Yargıtay Kararı 16. Hukuk Dairesi 2020/2249 E. 2020/6475 K. 28.12.2020 T.

YARGITAY KARARI
DAİRE : 16. Hukuk Dairesi
ESAS NO : 2020/2249
KARAR NO : 2020/6475
KARAR TARİHİ : 28.12.2020

MAHKEMESİ : KADASTRO MAHKEMESİ

Taraflar arasında görülen dava sonucunda verilen hükmün Yargıtay’ca incelenmesi istenilmekle; temyiz isteğinin süresinde olduğu anlaşıldı, inceleme raporu ve dosyadaki belgeler okundu, GEREĞİ GÖRÜŞÜLDÜ:

Uygulama kadastrosu sırasında … İlçesi … Mahallesi çalışma alanında ve tapuda davacılar … ve … adlarına tapuda kayıtlı bulunan eski 1280 parsel sayılı 41.460,00 metrekare yüzölçümündeki taşınmaz, 201 ada 195 parsel numarasıyla ve 41.572,08 metrekare yüzölçümlü olarak tespit edilmiştir.

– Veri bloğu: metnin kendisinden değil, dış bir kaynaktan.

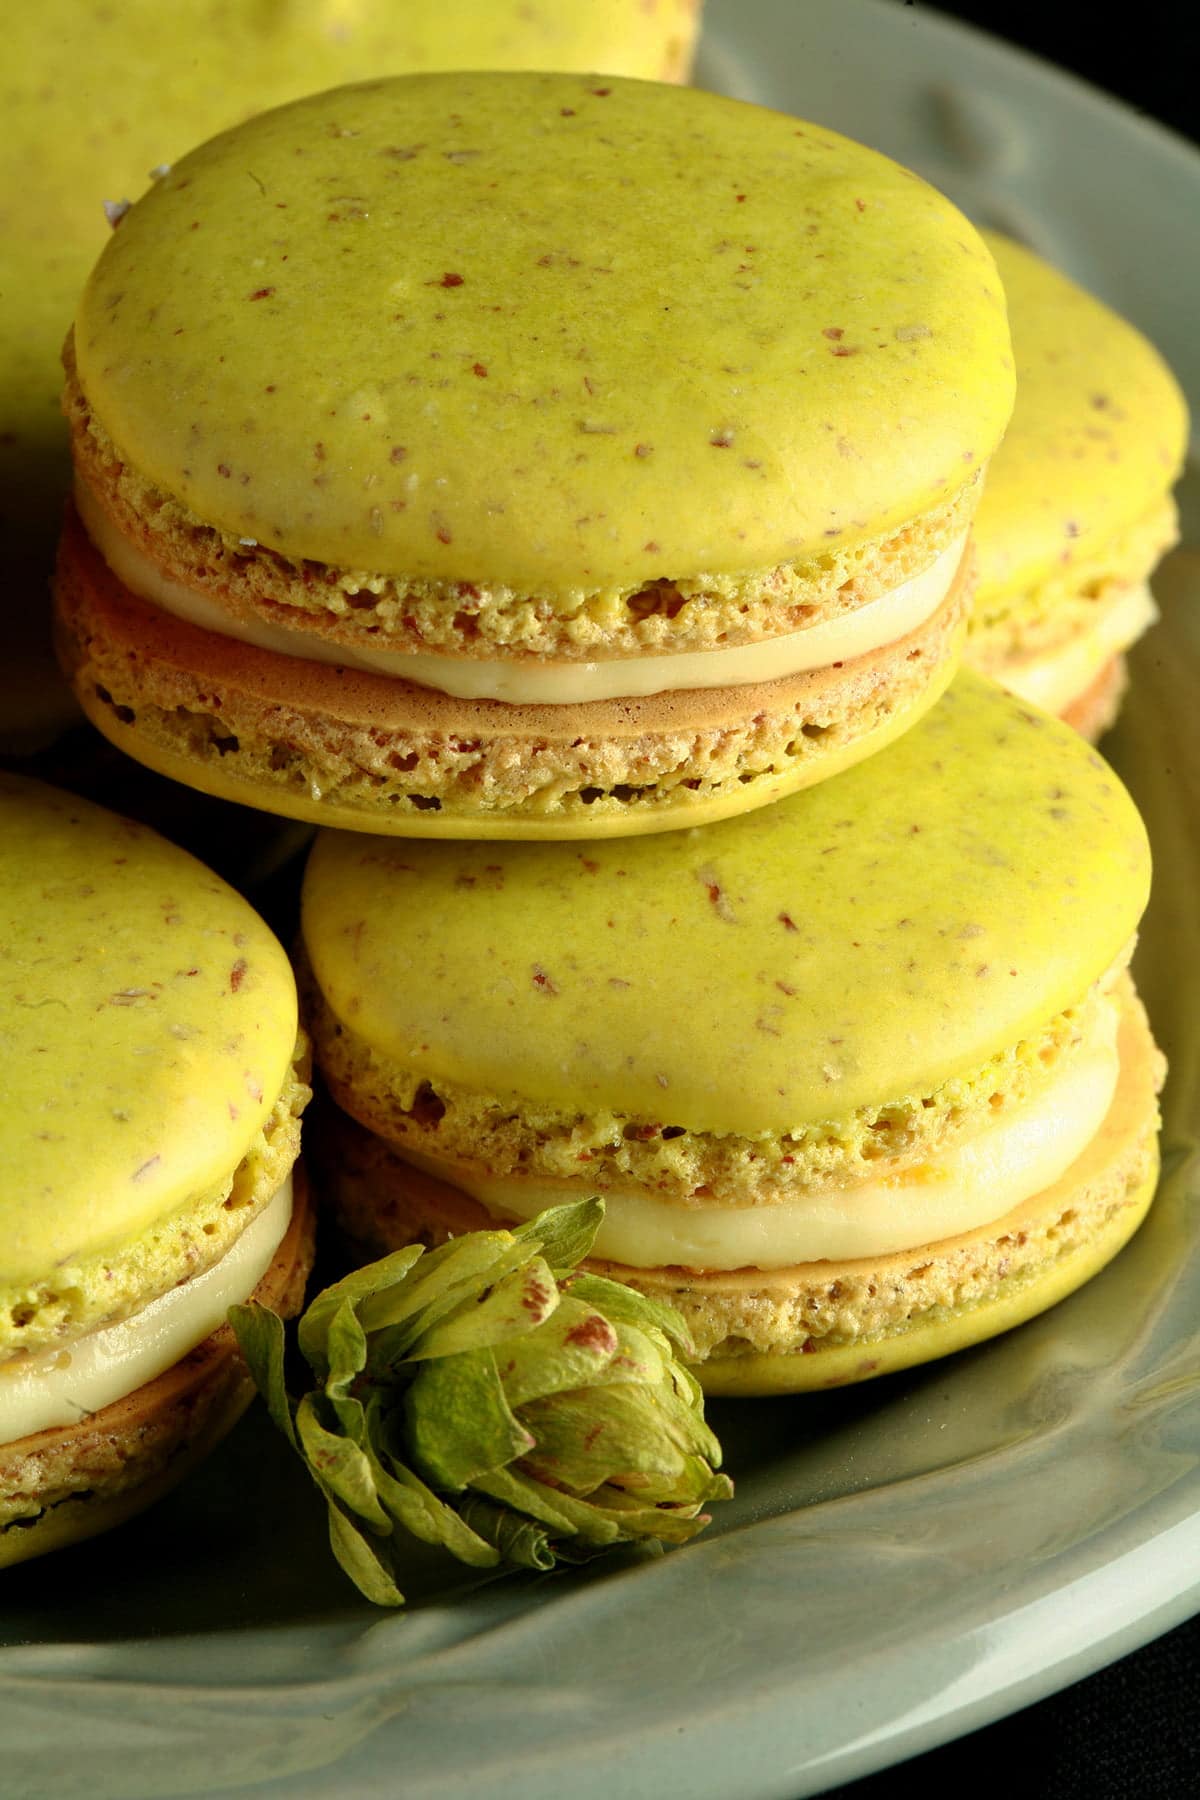 A small green plate is piled high with bright lime green Citrus Hop French Macarons. There is a fresh hop flower on the plate, and bits of orange zest visible in the filling of the macarons.

Yine, … adına kayıtlı bulunan eski 1305 parsel sayılı 36.908,00 metrekare yüzölçümündeki taşınmaz, uygulama kadastrosu sırasında ifrazla ikiye ayrılmış, parselden ifraz edilen 202 ada 1 parsel sayılı taşınmaz 1.398,01 metrekare, 204 ada 56 parsel sayılı taşınmaz ise 37.084,50 metrekare yüzölçümlü olarak tespit edilerek taşınmazlar arasında yol bırakılmıştır. Davacılar … ve …, adlarına kayıtlı bulunan 201 ada 195 parsel sayılı taşınmazın devamı niteliğinde olup kullanımlarında bulunan taşınmaz bölümünün, uygulama kadastrosu sırasında 202 ada 1 parsel numarasıyla tespit edildiğini ileri sürerek, bu taşınmazın adlarına tescili istemiyle dava açmışlardır. Mahkemece yapılan yargılama sonunda davanın kısmen kabulüne, dava konusu 201 ada 195 parsel ile 202 ada 1 parselin arasında bulunan yolun iptaline, teknik bilirkişilerin 03.05.2016 tarihli raporuna ekli krokide pembe renkle gösterilen kısmın yol olarak haritasında gösterilmesine, dava konusu 201 ada 195 parselin uygulama kadastrosu tespitinin iptaline, taşınmazın aynı rapora ekli krokide gösterilen sınırlar esas alınmak suretiyle 43.005,54 metrekare yüzölçümüyle tesciline, 202 ada 1 parselin uygulama kadastrosu tespitinin iptaline, taşınmazın aynı rapora ekli krokide gösterilen sınırlar esas alınmak suretiyle 367,61 metrekare yüzölçümüyle tesciline, 204 ada 56 parsel sayılı taşınmazın uygulama tespiti gibi tesciline karar verilmiş; hüküm, davalı … vekili tarafından temyiz edilmiştir.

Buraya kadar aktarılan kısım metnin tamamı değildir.